SARS-CoV-2 genomes from matched saliva and NP swabs are similar in completeness and content. (A) A cohort of matched saliva and NP swab samples from the same individual were sequenced and reads were subsampled to match the mate with fewer reads. A grey line connects the mates and an empty circle highlights the mate with lower coverage. (B) A maximum-likelihood tree of matched saliva and NP swab samples from Fig. 2A is rooted against the reference genome (NCBI Accession MN908947.3) to show pairwise identity. Tips of the tree aligning vertically indicate that the genomes from these samples are identical.

RNA extraction improves completeness of SARS-CoV-2 genomes from saliva

The removal of the RNA extraction step for SARS-CoV-2 diagnostic test can streamline workflows and has been demonstrated for multiple sample types, including saliva (Lübke et al. 2020; Smyrlaki et al. 2020; Vogels et al. 2021b). SARS-CoV-2 genomic sequencing workflows would similarly benefit in the time and cost reductions by removing RNA extraction steps. We attempted to sequence SARS-CoV-2 genomes from split saliva samples, where half of the sample underwent our normal RNA extraction procedure and the other half was processed according to our SalivaDirect protocol with a proteinase K and heat treatment instead of RNA extraction (Vogels et al. 2021b). While the extraction-free SalivaDirect protocol yielded similar SARS-CoV-2 Ct values to samples with RNA extraction, indicating similar levels of PCR detection, we found that sequencing from the SalivaDirect substrate led to a substantially lower genome completeness of 7.8 per cent ± 33.3 per cent compared to RNA extracted samples averaging 89.3 per cent ± 29.0 per cent completeness (Fig. 3A).
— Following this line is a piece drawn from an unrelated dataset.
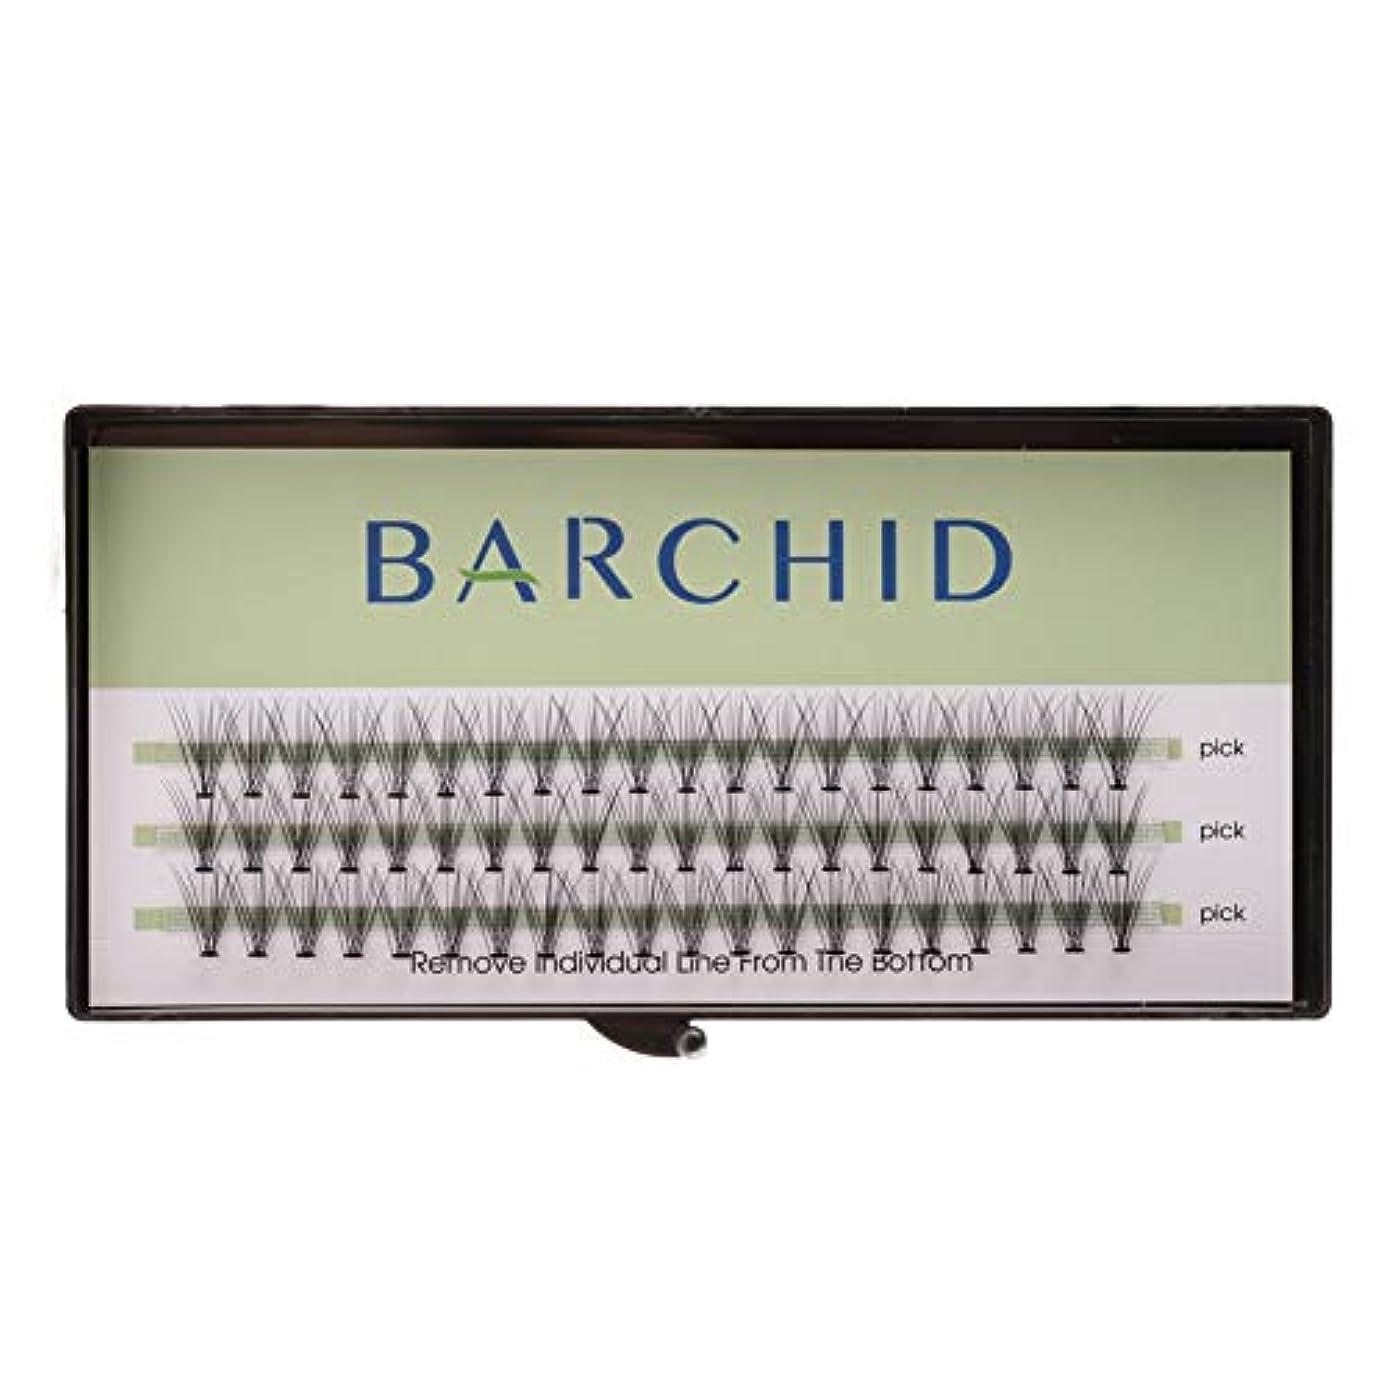 ジャズバケツ体系的にBARCHID 高品質超極細まつげエクステ太さ0.07mm 10本束10mm Cカール フレア セルフ用 素材  マツエク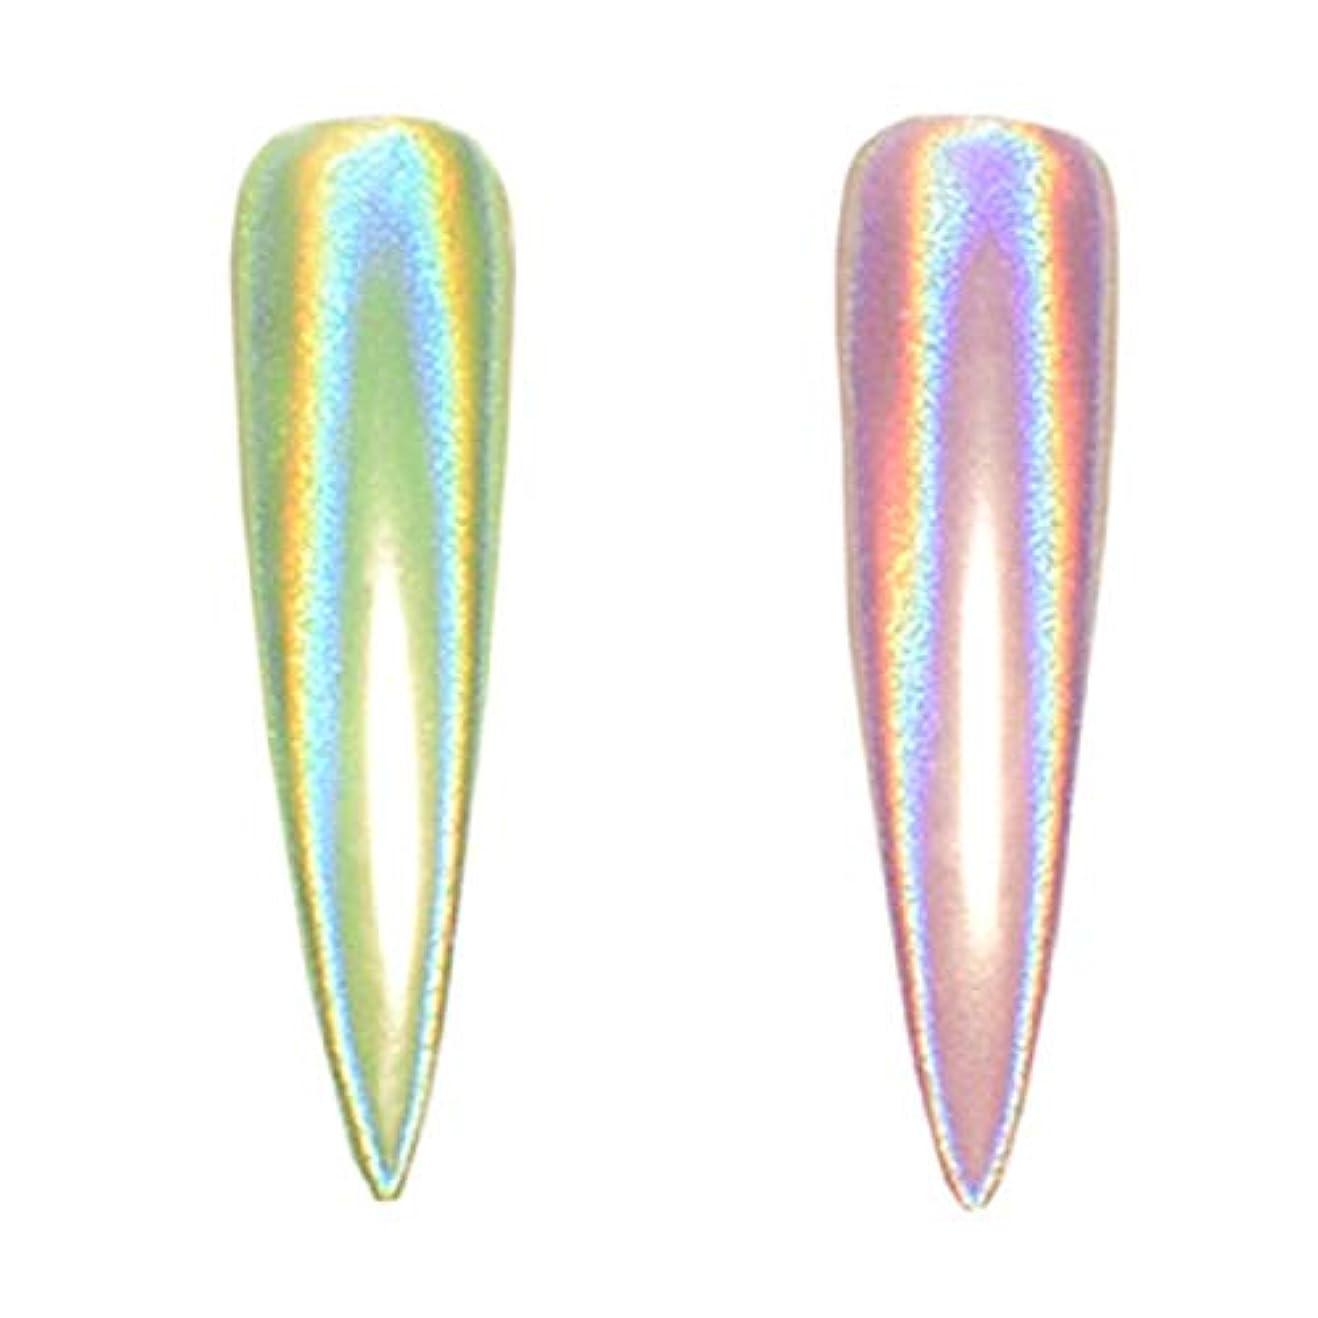 灰百万重要性Quzama-JS 甘い1 pcカラフルネオンユニコーンミラーパウダーネイルアートマーメイドフラッシュ(None 1)

In fact, of the eleven samples processed using our SalivaDirect protocol, only one sequenced genome met our standards of 80 per cent completeness, while the majority produced genomes that were less than 50 per cent complete. In comparison to the counterpart sample that did undergo RNA extraction, we sequenced nine out of eleven to >80 per cent completeness, including some samples with Ct values >30. We then investigated whether this observation could be attributed to insufficient data by calculating the percentage completeness of each genome at various levels of depth of coverage (Fig. 3B). Our analysis showed that increasing data per sample would improve genome completeness for only four of the samples processed with the extraction-free SalivaDirect protocol as evidenced by the large separation between data points in Fig. 3B. However, eight of these samples had no reads aligning to >90 per cent of the genome, indicating that more data would not have substantially improved completeness, even at low Ct values. Seven of the eleven lysates received >100,000 reads (Supplemental Data), indicating that unequal amplification accounts for incomplete genomes being generated from these samples. Thus, without further protocol optimization, RNA extract from saliva samples is necessary for sequencing complete SARS-CoV-2 genomes.
Figure 3.

RNA extraction dramatically improves SARS-CoV-2 genome completeness from saliva samples. (A) Saliva samples were split to perform either RNA extraction (blue) or SalivaDirect lysate (brown) preparation (incubation with Proteinase K at 95°C for 5 minutes; see Section 4) and were sequenced. The percent of genome with at least 20× coverage is plotted against the Ct value for the N1 target for matched samples (connected by grey line). (B) The percent of the genome at different coverage thresholds (legend, right) is plotted against Ct value for the N1 target for the same cohort of samples in panel A. Grey lines connect points related to the same sample.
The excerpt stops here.